The calls came in the middle of night as Hurricane Hermine's winds howled across Pasco County's coast, rattling homes.
The storm stayed far enough off the Gulf Coast so mandatory evacuations weren't needed, but about 20 residents got nervous and phoned for help. A new county task force was ready to ferry them to shelters.
"We figured when the winds started coming we'd have people calling and saying, 'I'm scared, come get me,' " said Kevin Guthrie, Pasco's director of emergency services. "That was brand new, and it seemed to work really well."
The task force's success was one of many local lessons learned from the relatively busy 2016 Atlantic hurricane season, which ends today.
With 15 named storms, including the first hurricane to make landfall in Florida in 11 years and a Category 5 monster that buzz-sawed up the east coast, emergency officials say they're relieved the bay area didn't get hit harder. Of the three storms that touched or landed in Florida and caused local emergency management operations centers to activate — Tropical Storm Colin and hurricanes Hermine and Matthew — the bay area received glancing blows.
Many local residents suffered big losses, though, and Pasco County bore the brunt of the season during Hermine. A final tally was still being calculated with the Federal Emergency Management Agency, but a preliminary estimate by the county put the damage to residential structures at more than $100 million, as well as $40 million to $50 million for commercial property and public infrastructure such as roads, making it one of the costliest disasters in Pasco history.
The storm destroyed about two dozen homes and caused major damage to about 300, according to the county's initial review. Hardest hit were residents flooded out by Hermine's storm surge or by the swollen Anclote River.
The outsized impact in Pasco is reflected in the number of victims seeking help from the federal government.
By last week, the Federal Emergency Management Agency had processed 912 registrations for financial assistance and approved nearly $1.5 million in grants to make essential repairs to homes. That's by far the most in the Tampa Bay area, and those numbers are sure to rise, FEMA officials said.
Pasco residents are also getting the most help from the Small Business Administration, which provides low-interest loans for repairs to businesses, homeowners and renters. As of Nov. 21, the SBA had approved nearly $1.1 million in loans in Pasco — also the most in the area — and an amount that is expected to increase "considerably," an agency spokesman said.
But that money could go further with more help from the federal government, Guthrie said.
County officials are asking FEMA to provide a $200,000 grant to Pasco Rebuilds Together. Operating under the United Way, the group brings victims together to boost their buying power by pooling assistance money and purchasing building supplies in bulk.

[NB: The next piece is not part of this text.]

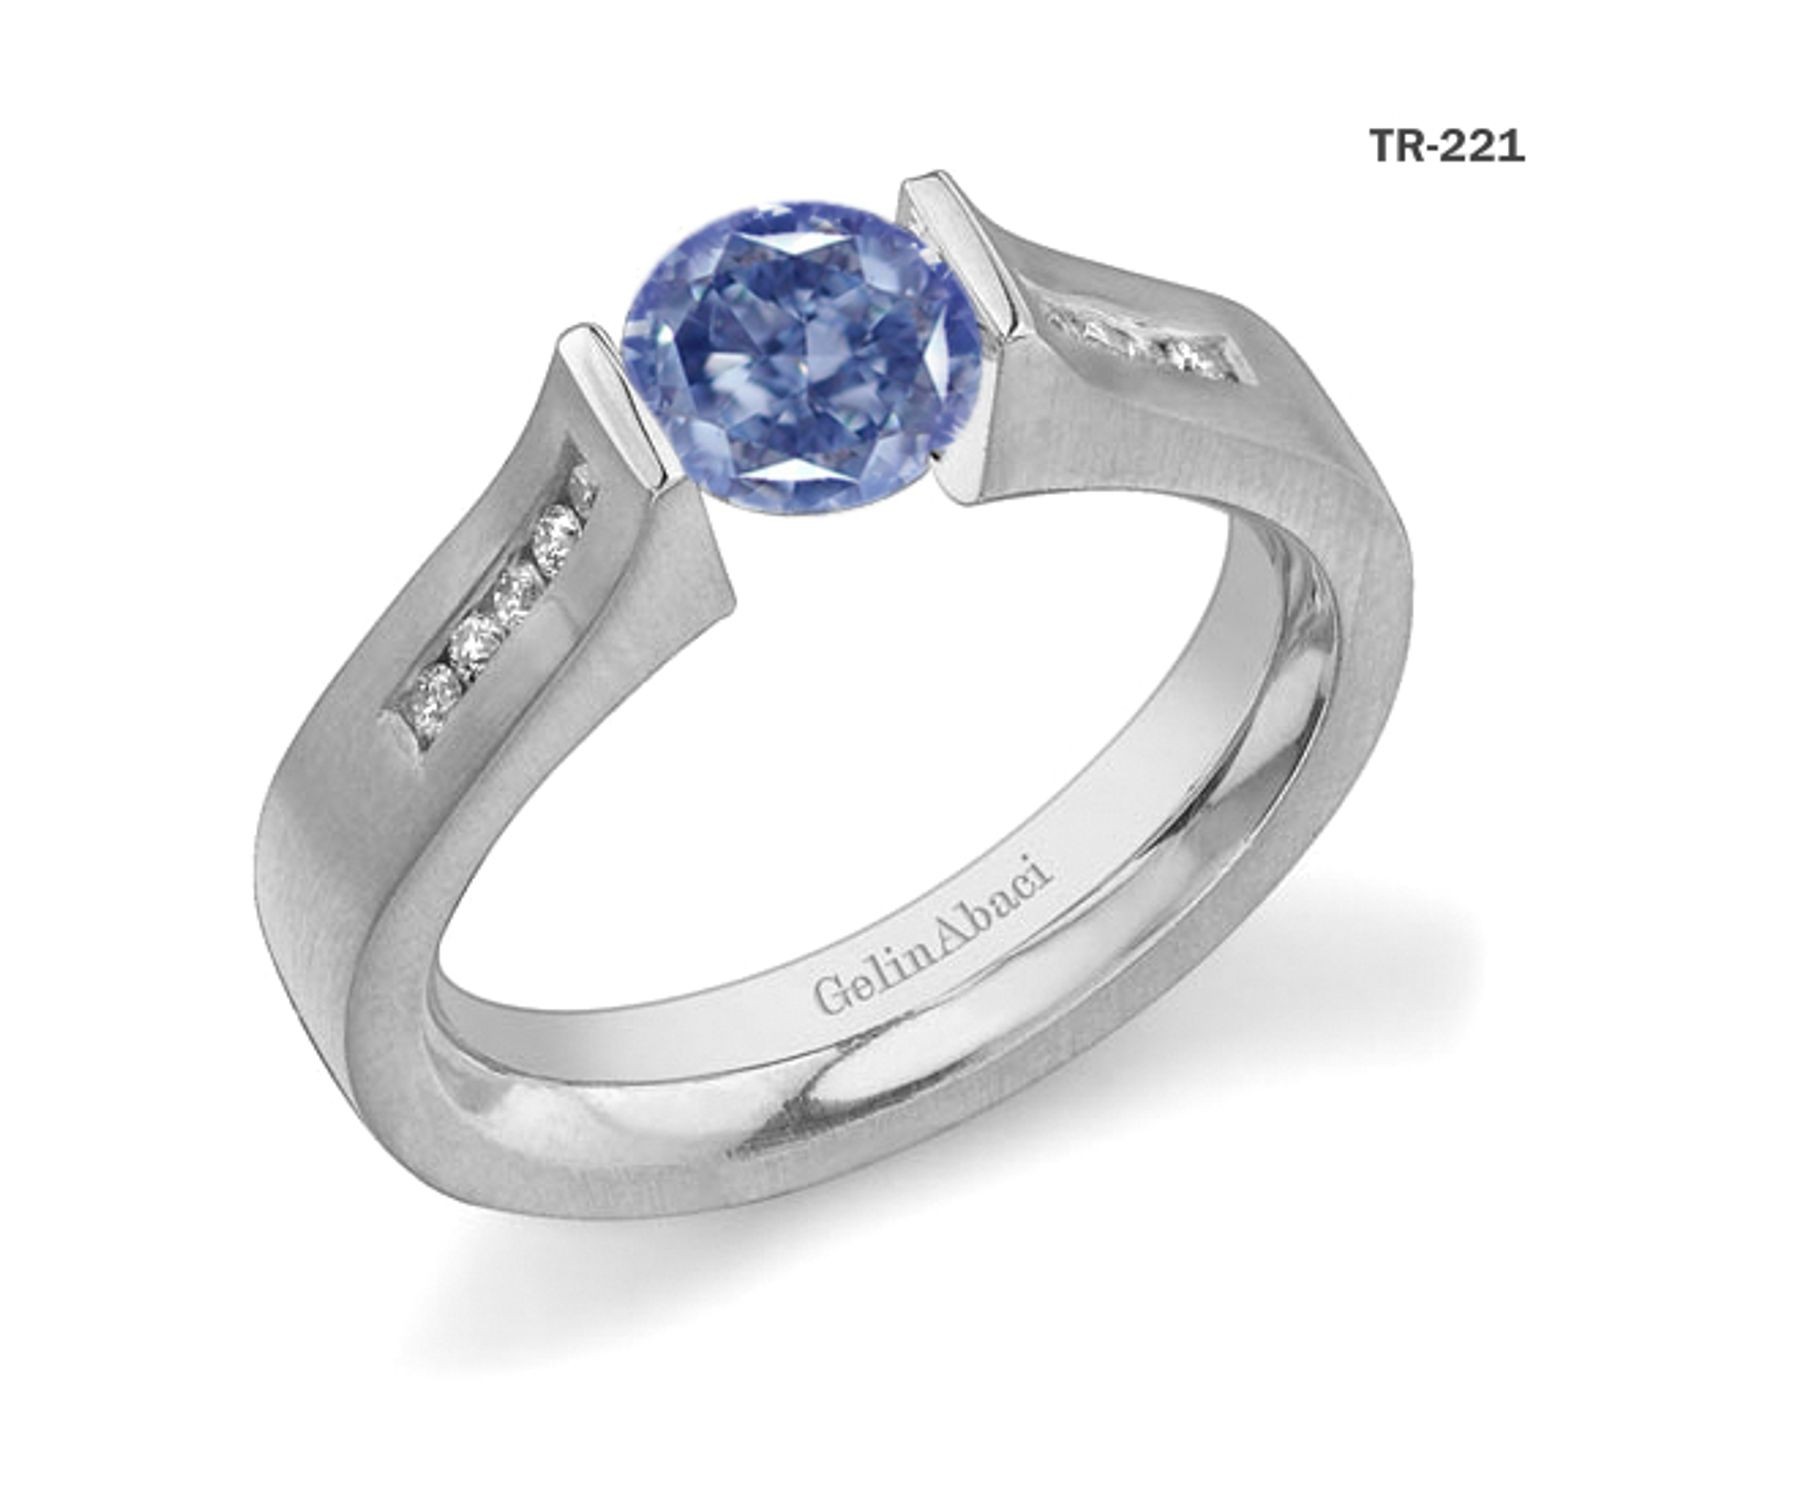 Contemporary High Quality Designer Blue Colored Diamond Tension Set Engagement Rings
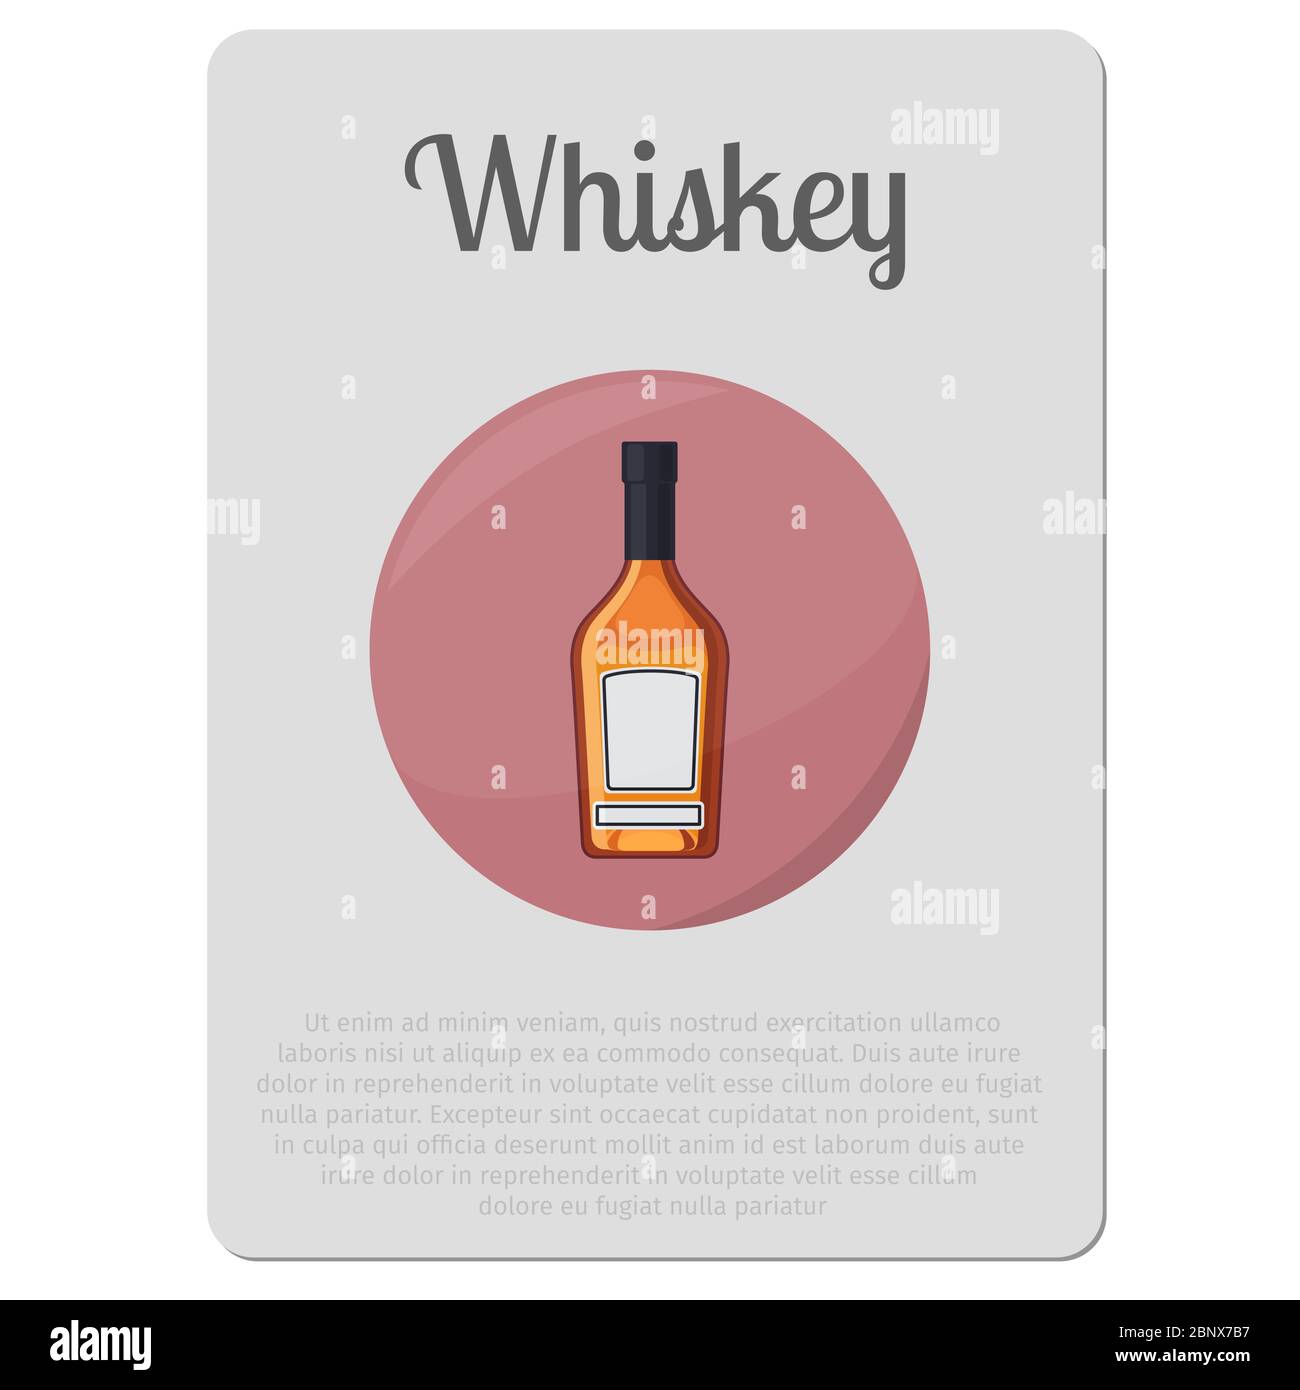 Whiskey alcohol. Sticker with bottle and description vector illustration Stock Vector

Pasco Rebuilds then provides volunteer labor for repairs.
The work requires a staff to manage cases, but money ran out last month, Guthrie said.
"That's the one area in our recovery that I wish we were doing better at, but we're strapped for funding," he said. "That $200,000 would go a long way."
The busy season also gave emergency operations officials a chance to "knock the rust off" their responses and test new technology, said Sally Bishop, Pinellas County's emergency management director.
"We do internal training, but there's nothing like having to implement it for real," Bishop said.
The storms, she said, got more residents acquainted with notification systems like the recently rebranded Alert Pinellas, which sends voice and text messages to subscribers. The county also reached more than 30,000 people through NextDoor, a social network for neighborhoods.
In Hillsborough County, a scary episode allowed officials to test an improved mapping system to track damage better.
Wind gusts in on one of Hermine's bands tore through Valrico, damaging or destroying 45 structures including several homes in the Town and Country Mobile Home Park that were crushed or sliced open by fallen oak trees. The county used a beefed-up geographic information system that puts more data on electronic maps displayed in the emergency operations center, said Michael Ryan, Hillsborough's manager of emergency planning.
"It really helps for situational awareness and gives you a visual to allocate your resources better," Ryan said.
The monstrous Matthew reached Category 5 status and stayed far enough east to make it a nonevent for the Tampa Bay area. But the storm provided two important lessons, officials said.
Coming about a month after Hermine, Matthew gave government agencies and departments, along with utility companies and other responders, another chance to work together at emergency operations centers.
"The relationships are so much stronger now," Ryan said. "They're coming into a room where they recognize people and that brings down their stress level, and when your stress level is lower you can work more effectively and more efficiently."